▶ [Work instructions] Only certain lines below are wanted: those starting at the line containing "#graffiti #art https://t.co/NjX3lI6wJn" and ending at the line containing "RAL 340 50 10", both included, each retyped exactly.

▶ [Material for this task]

>>>>>

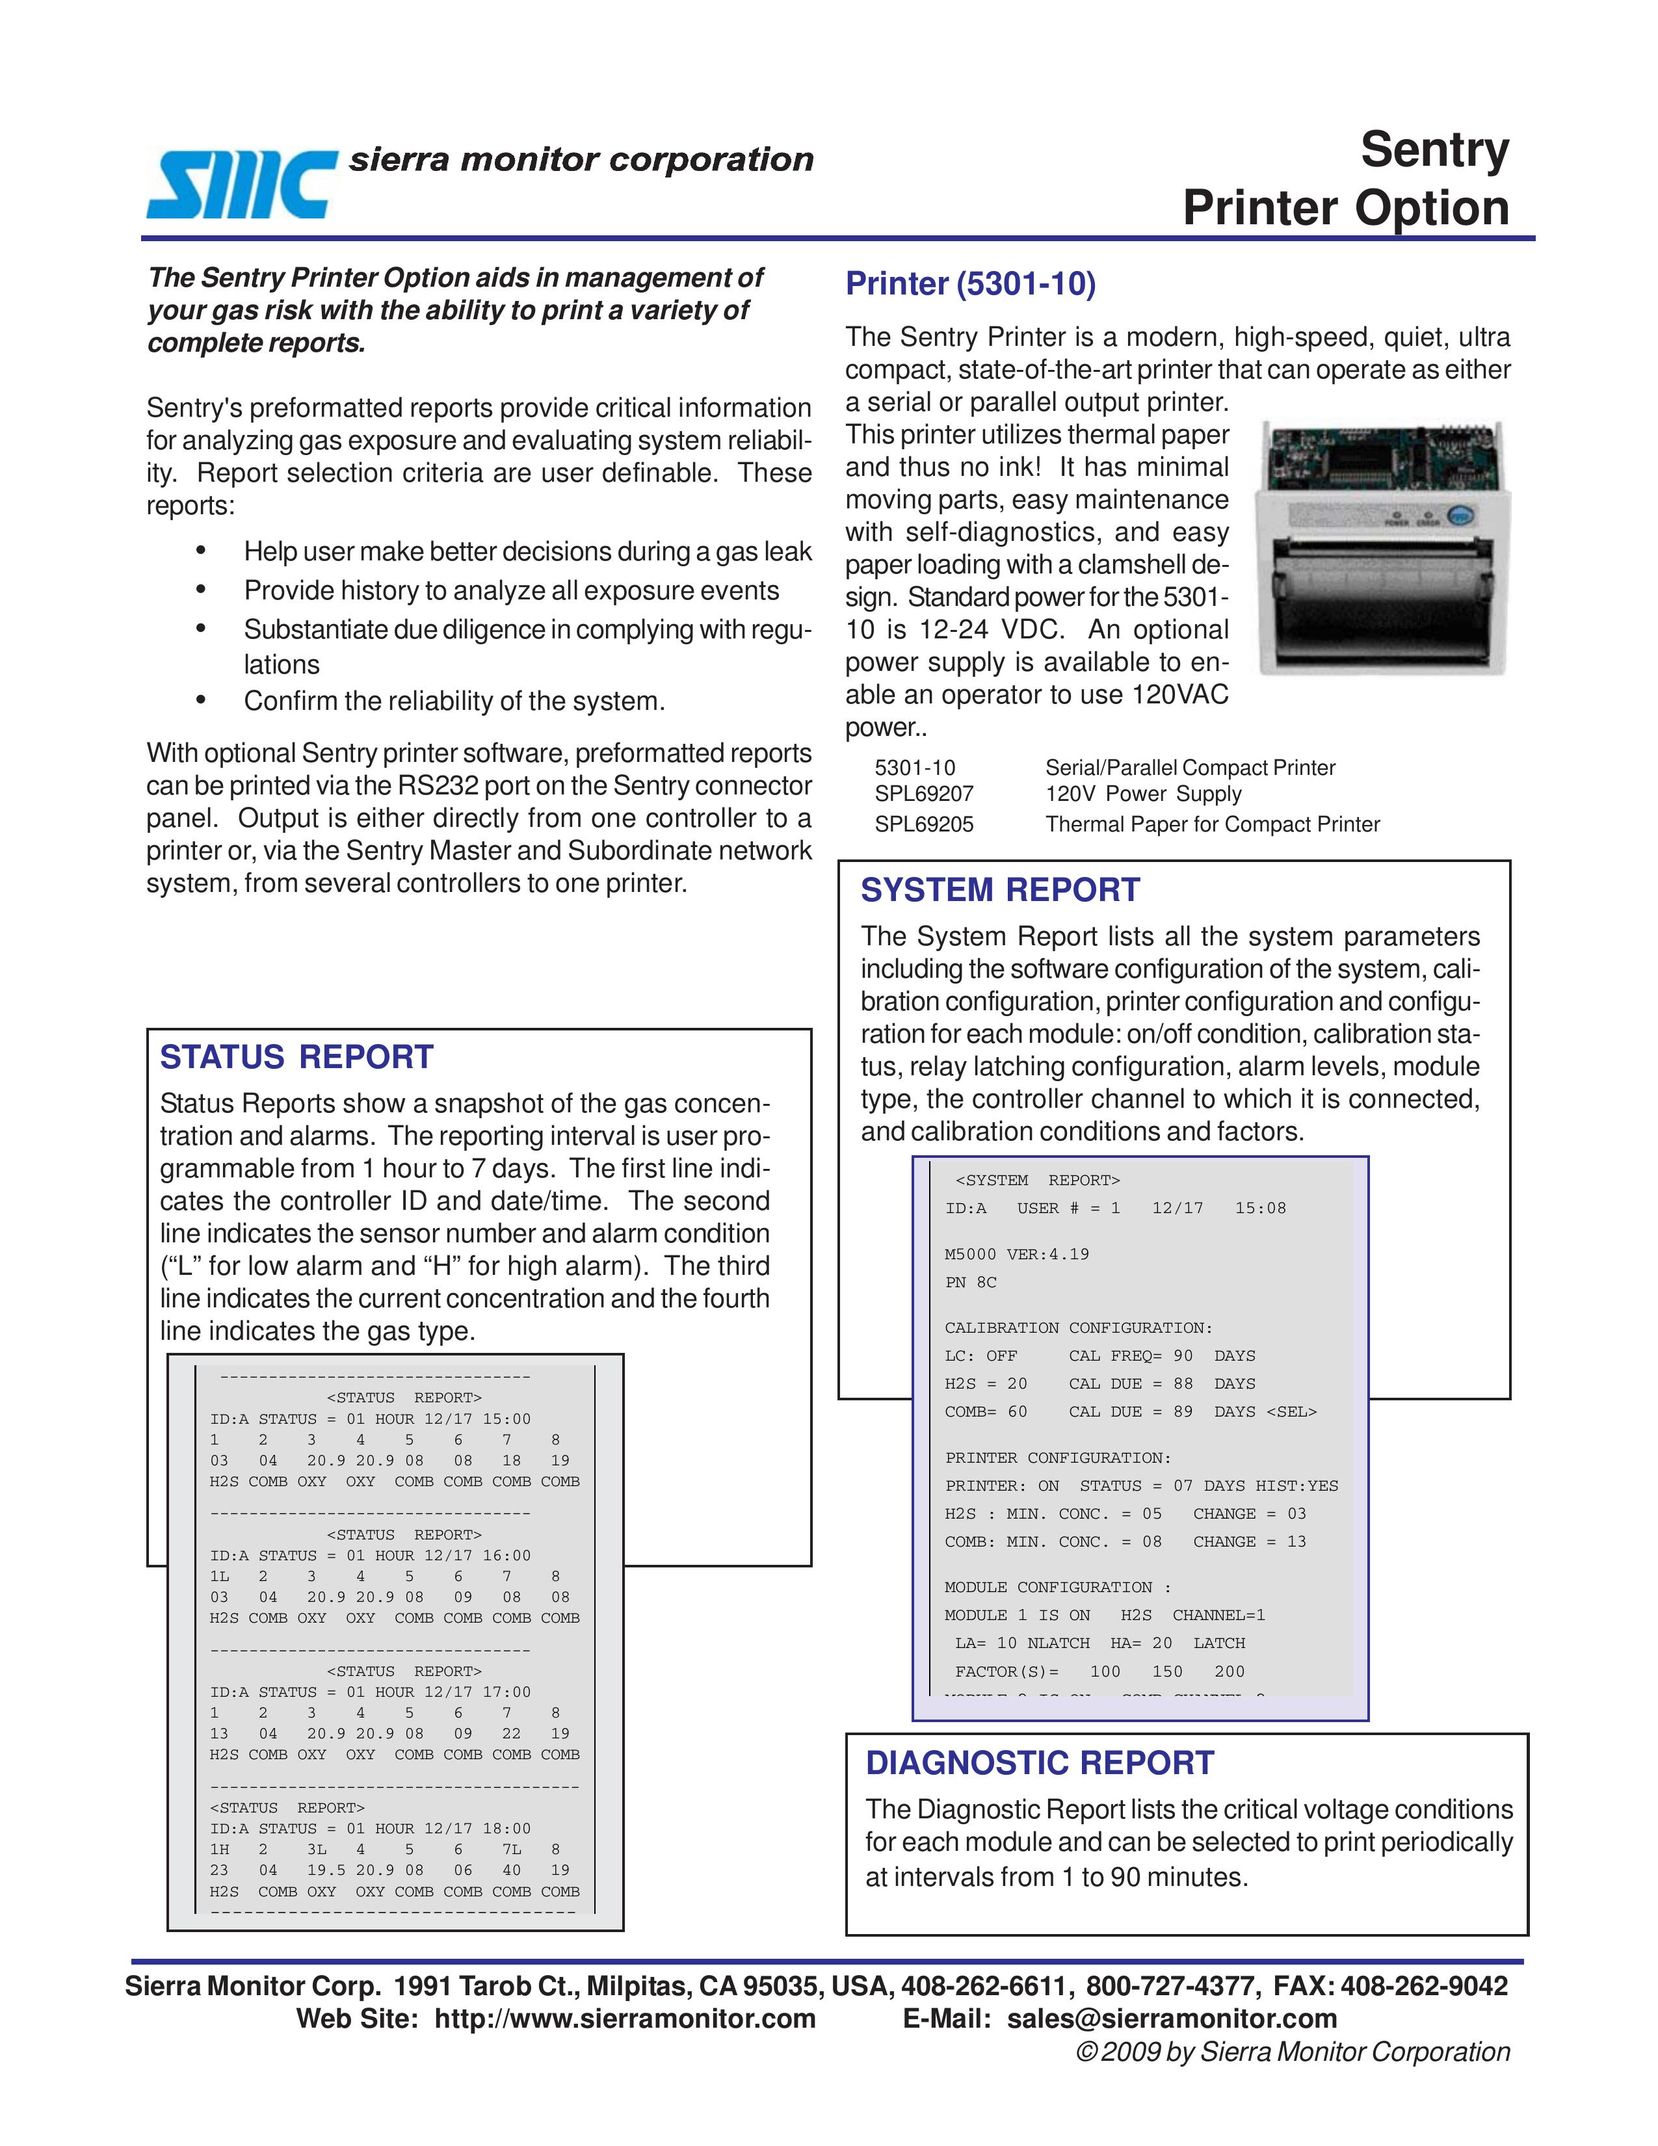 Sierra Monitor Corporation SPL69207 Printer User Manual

<<<<<
>>>>>

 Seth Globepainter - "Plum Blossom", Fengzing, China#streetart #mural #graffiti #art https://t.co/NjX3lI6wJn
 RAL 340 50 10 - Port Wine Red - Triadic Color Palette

<<<<<

▶ [Your solution]
 Seth Globepainter - "Plum Blossom", Fengzing, China#streetart #mural #graffiti #art https://t.co/NjX3lI6wJn
 RAL 340 50 10 - Port Wine Red - Triadic Color Palette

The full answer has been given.